Вот мы садимся за наш, - Никитин, - импровизированный стол. Темнеет, время уже после десяти. Я включил настольную лампу, направив её в стену, выставив регулятор яркости на половину. Нашими с Пашкой усилиями стол своим блеском превзошёл даже замысел создавшего его Никитоса. Кола, яблоки и шпроты, ветчина и сыр. Груши, виноград, японкие сладости в маленьких, с напёрсток, корзиночках. Конфеты, шоколадная паста с миндалем, бокалы тонкого стекла, и для каждого из нас нарядная яркая тарелка из маминого сервиза. Никита даже теряет на некоторое время дар речи. Тем более что я, не выдержав его напора, достал ему спальный мешок, - вот он у него, под боком, - чтобы вдруг Пашка не покусился, не дай бог… А сам Пашка чего-то беспокойно крутится и с сомнением поглядывает то на меня, то на Занозу, поглощенного какими-то своими одиннадцатилетними мечтами. А-а, - ну да. Коньяк. А, собственно, почему бы и нет?

- Братцы сероглазые, а отчего бы нам не выпить, а?

- Я налью! - оживляется очнувшийся Никита, и тянется к бутылке колы.

- Погоди, Никитос, я имею в виду, - по-настоящему! Ну, по-взрослому, блин. А, Паш?

Пашка стучит себя по лбу согнутым пальцем, и отрицательно машет золотистой головой. Никитос переводит разгорающийся взор с меня на брата, подскакивает на месте, и орёт:

- Круто, Ил! Ну, ты, воще! Пашка, не хочешь если, вали на балкон! И фиг бы с ним бы, Ил!

- Новиков, ты в своём уме? - тихо говорит Пашка.

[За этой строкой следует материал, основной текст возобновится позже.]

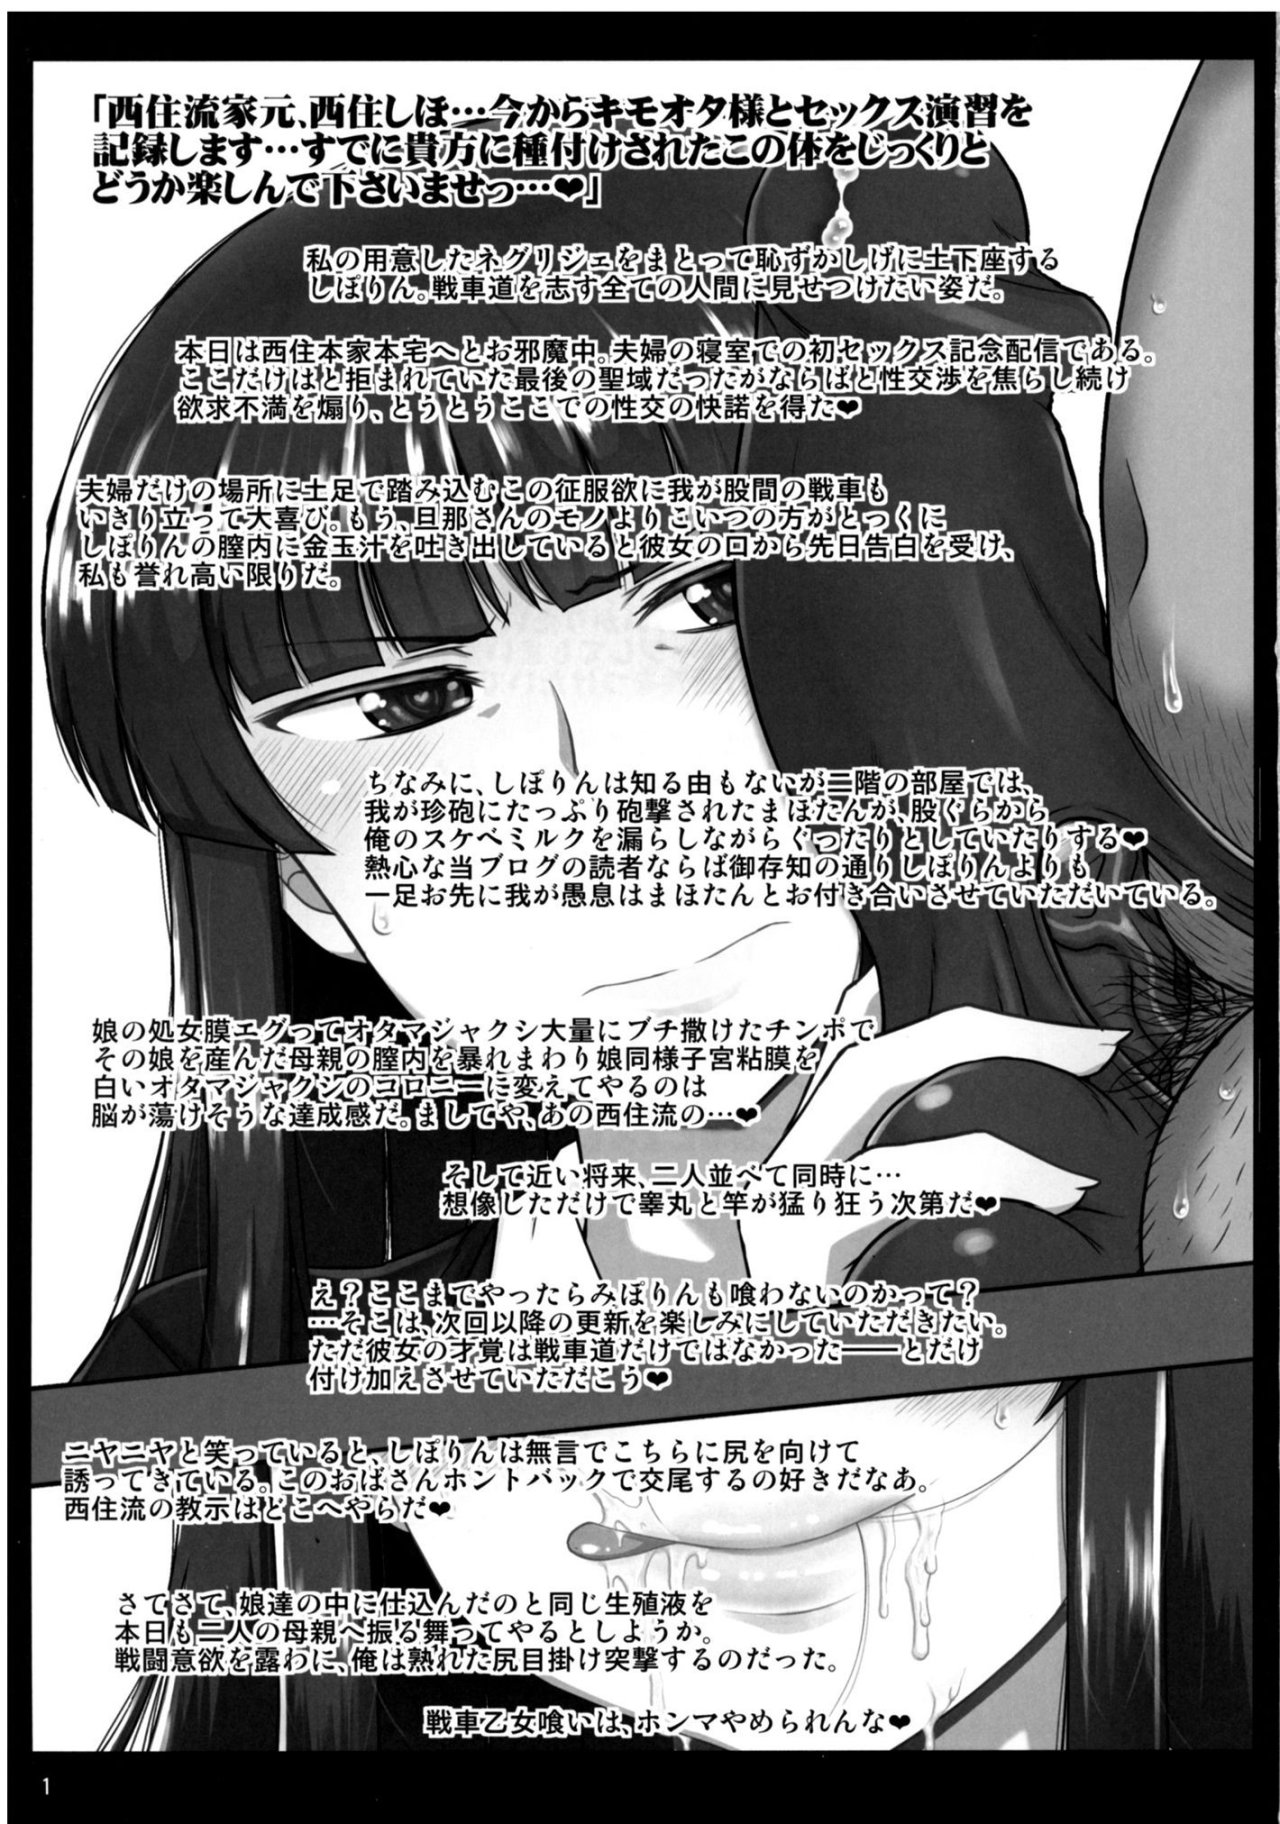 Girls & semen-Nishizumi Shiho No Moteamashita Ureure Body Parte 3 - 1
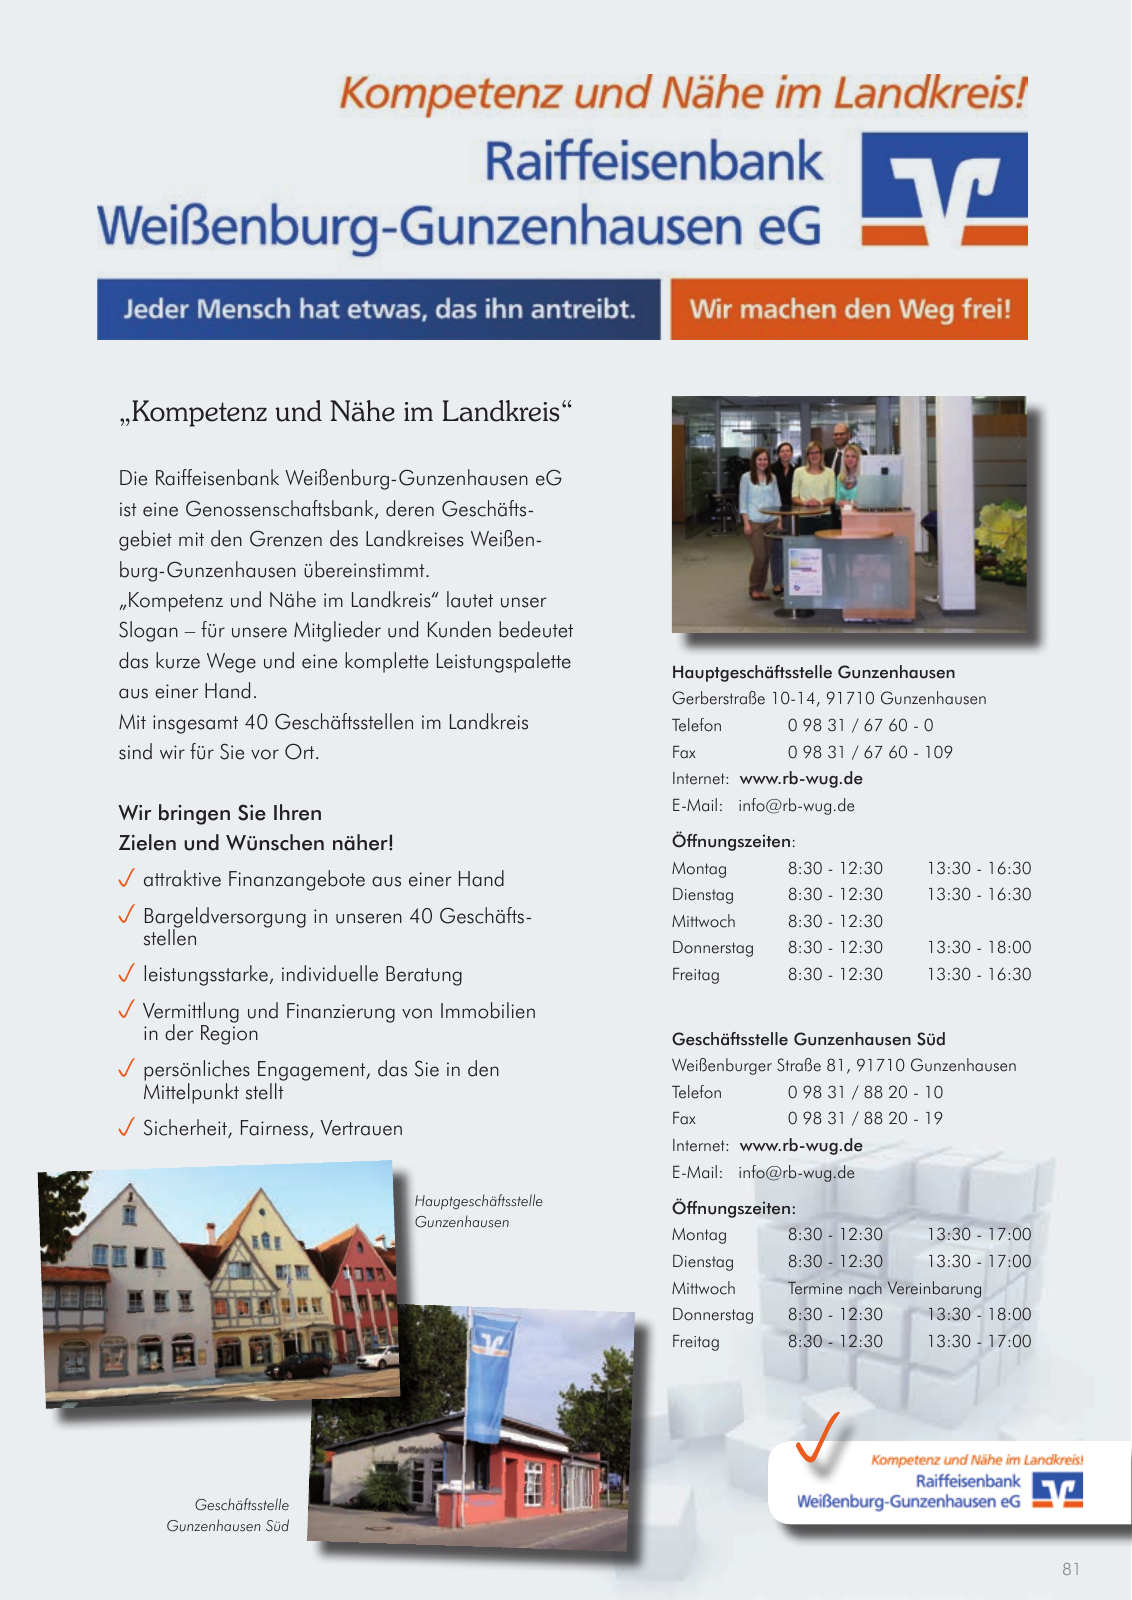 Vorschau leben & arbeiten in Gunzenhausen - 2015 Seite 81

- Вполне, - отзываюсь я. - Ты что ж, думаешь, я кого-нибудь тут из-под контроля выпущу? Спокойно, Паша. Так, доставай вино. Слушай меня, Никита. Да не вертись ты! Пружина… Вот. Значит так. Сейчас мы тебе с Пашкой вина нальём. Тихо! Капельку, сказал, лизнуть только. А мы чуть-чуть коньяка выпьем, понял? Мал ещё! Сиди ты! Твоё от тебя не уйдёт. Пашка, передай мне коньяк. Вот, Никита, и чтобы никому! Могила чтобы, а то…

Никитос быстро-быстро кивает головой, не сводя с меня влюблённого взгляда. Пашка легонько щёлкает его по носу и добавляет:

- Никишечка, ты мне брат или ты мне кто? Ну, вот, брат, конечно. Тогда ты уж не говори папе с мамой, что я покурю тут чуть-чуть…

- И я! Вместе, Пашка! Молодец, ёлы-палы!

- Вот это уж никогда! - я подпускаю в голос интонации Гирса, Никита удивлённо на меня смотрит.

- Да уж, Никитка. Это лучше не надо, Илья мне тогда… Тебе же брат-инвалид не нужен? Вот и ладненько.

Тут звонит телефон, я спохватываюсь, - ёлки, я ж маме так и не позвонил!

- Братцы! Это же мама моя! Вот же тетеря я.

Я беру трубку, - так и есть…

- Илья, в самом деле! - и мама замолкает…

- Мам, прости, пожалуйста! Вот совсем, понимаешь, закрутился! Тут у Кузнецовых старших на работе пожар какой-то, их туда вызвали. Вот, а Никитка у нас, - сама видишь, какое дело… Прости, а?

- Пожар? Что за пожар, Илюша, а это не опасно?

- Не думаю, мам. Да его потушили уже. Дядя Саша сказал, что обошлось всё. Вот, так что я тут с двумя сероглазыми воюю…

- Ясно… - посмеивается в трубку мама. - Ты не думай, Илюшка, что отмазался, приеду, - будет у нас с тобой разговор! Так, это ладно. За Никиткой там поглядывай, - мамин голос переходит на шёпот, - сам ведь знаешь…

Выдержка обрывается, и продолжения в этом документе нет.